### Data segment
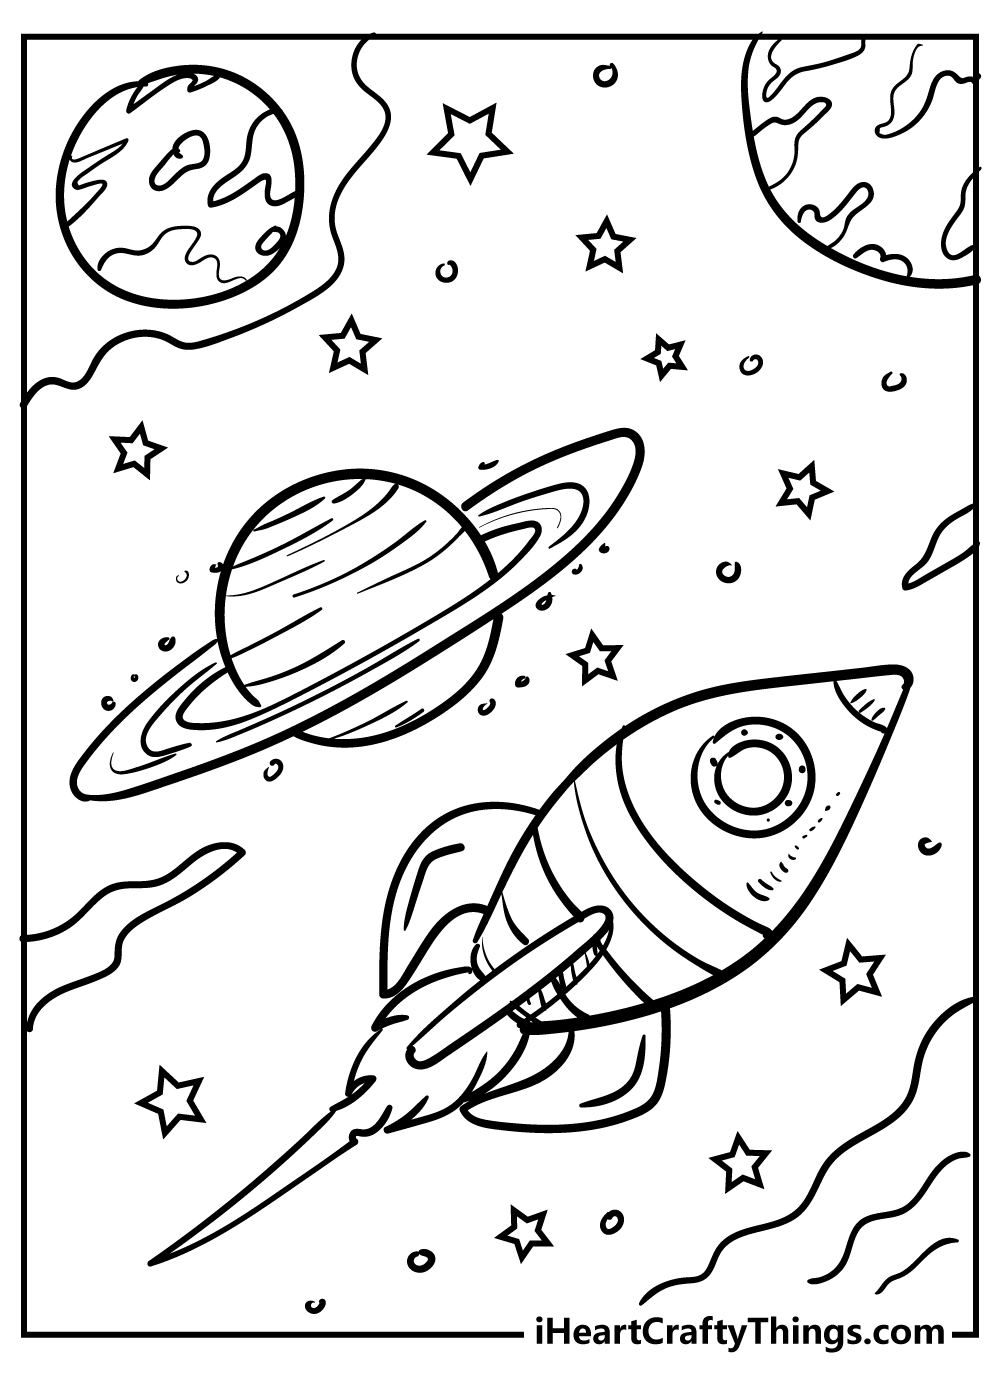 Раскраска космос и планеты. Космос раскраска для детей. Раскраска. В космосе. Раскраска космос и планеты для детей. Космические раскраски для детей.
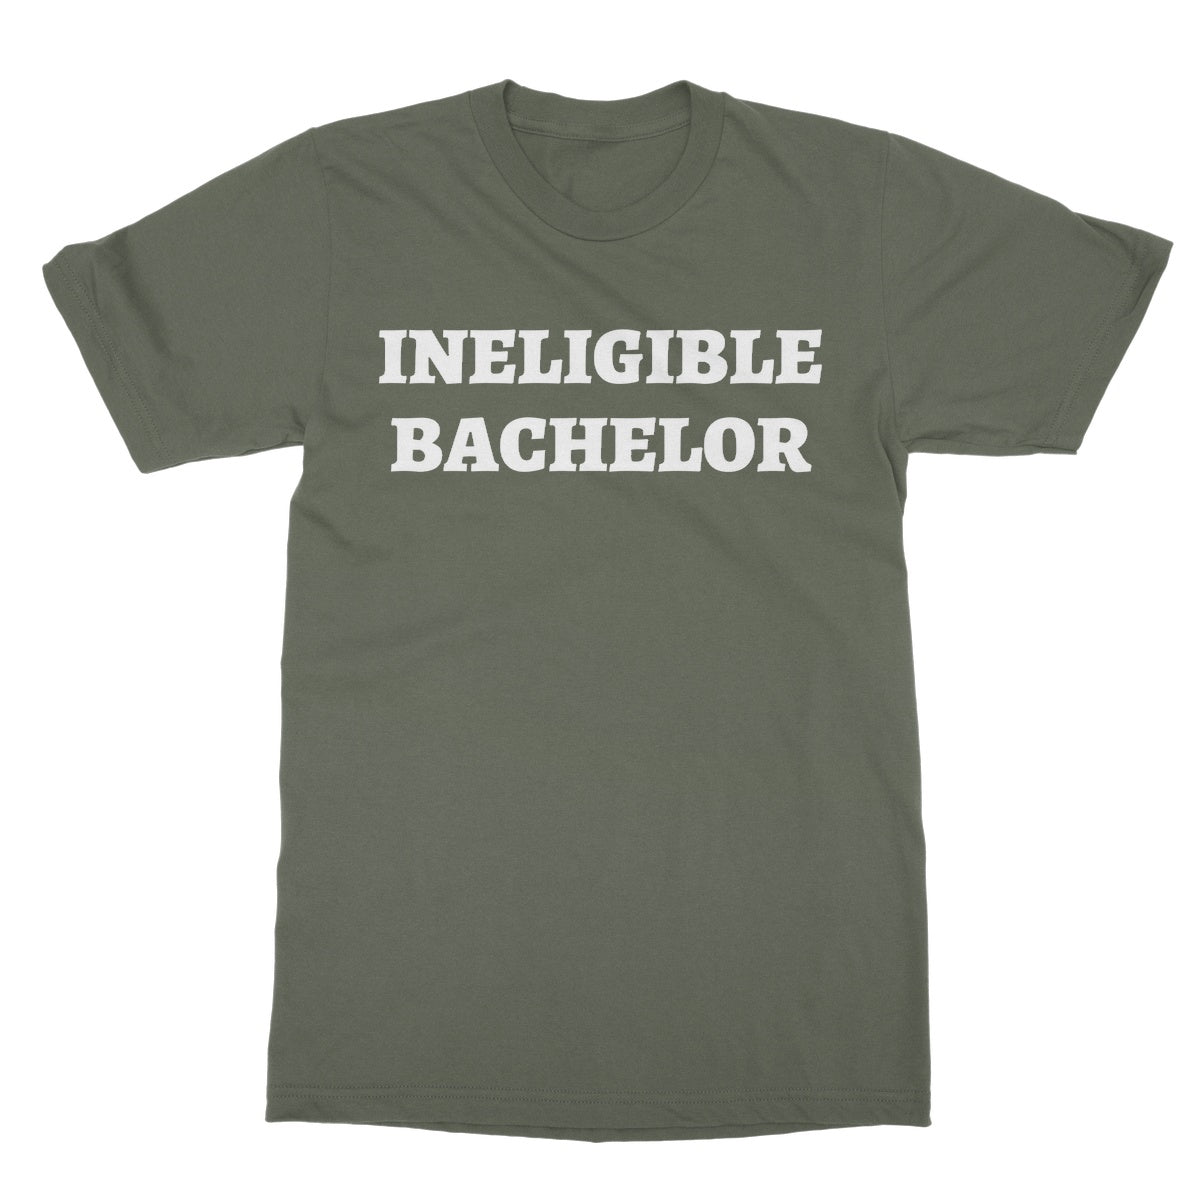 ineligible bachelor t shirt green
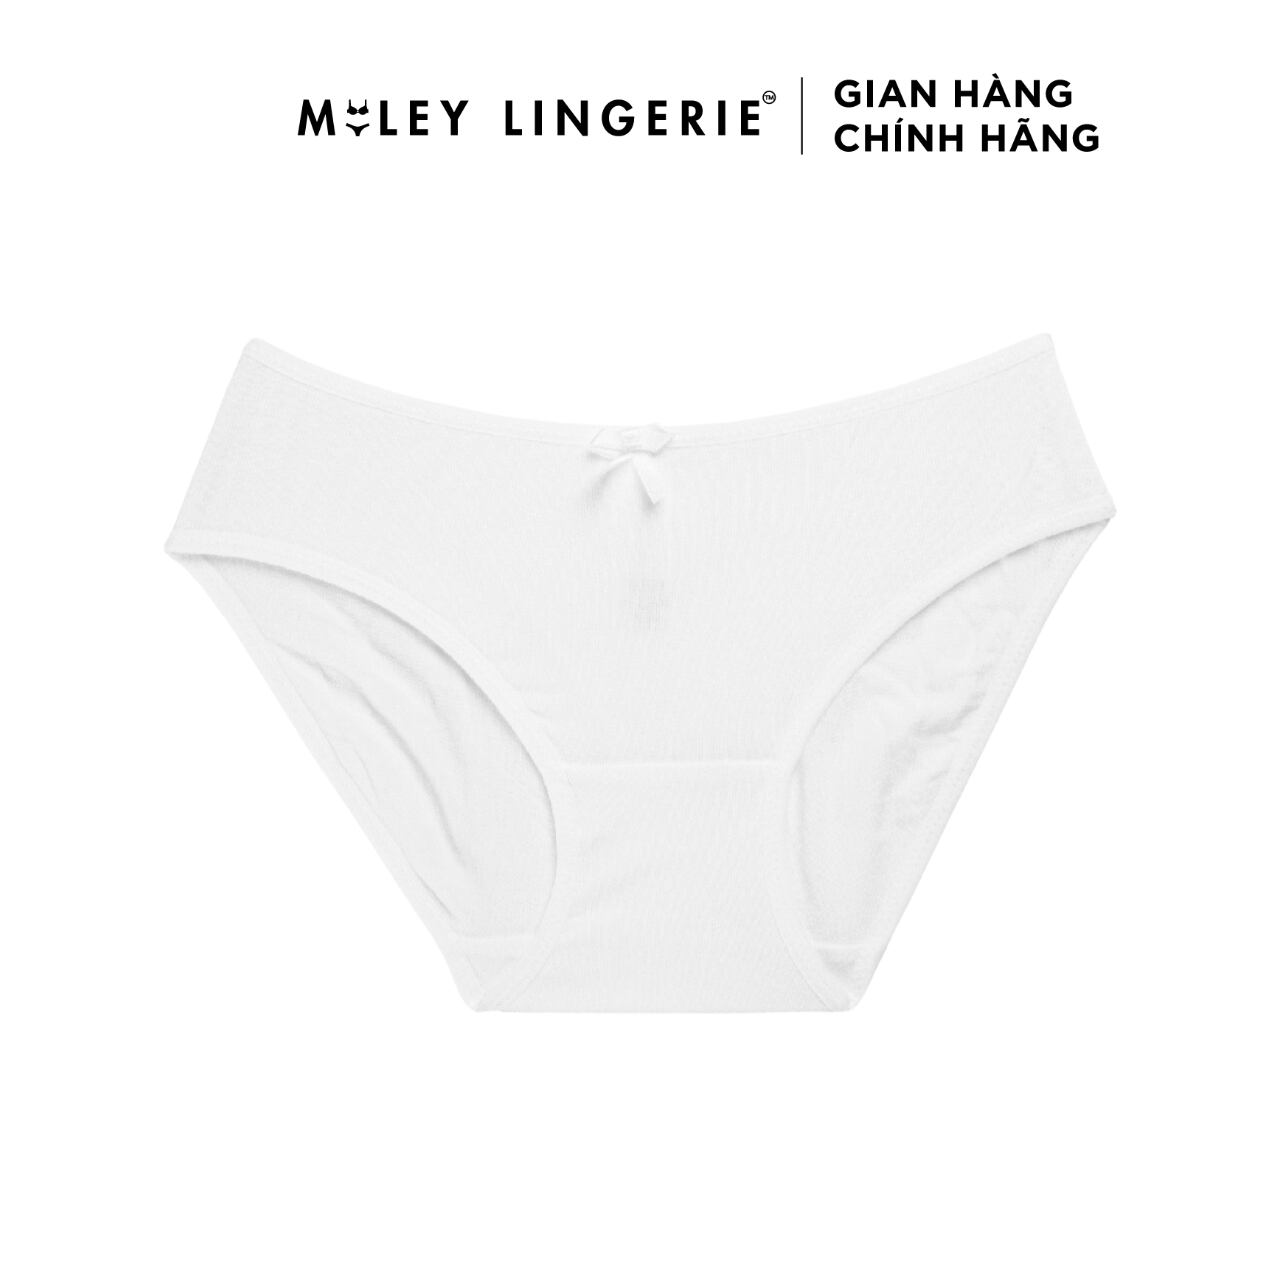 Hình ảnh Combo 5 Quần Lót Nữ Modern Brief Miley Lingerie BC041 - Màu Ngẫu Nhiên

### Task directions
When you repeat the data, keep it exact and drop every picture.

### Answer below
 Раскраска космос и планеты. Космос раскраска для детей. Раскраска. В космосе. Раскраска космос и планеты для детей. Космические раскраски для детей.
 ineligible bachelor t shirt green
 Hình ảnh Combo 5 Quần Lót Nữ Modern Brief Miley Lingerie BC041 - Màu Ngẫu Nhiên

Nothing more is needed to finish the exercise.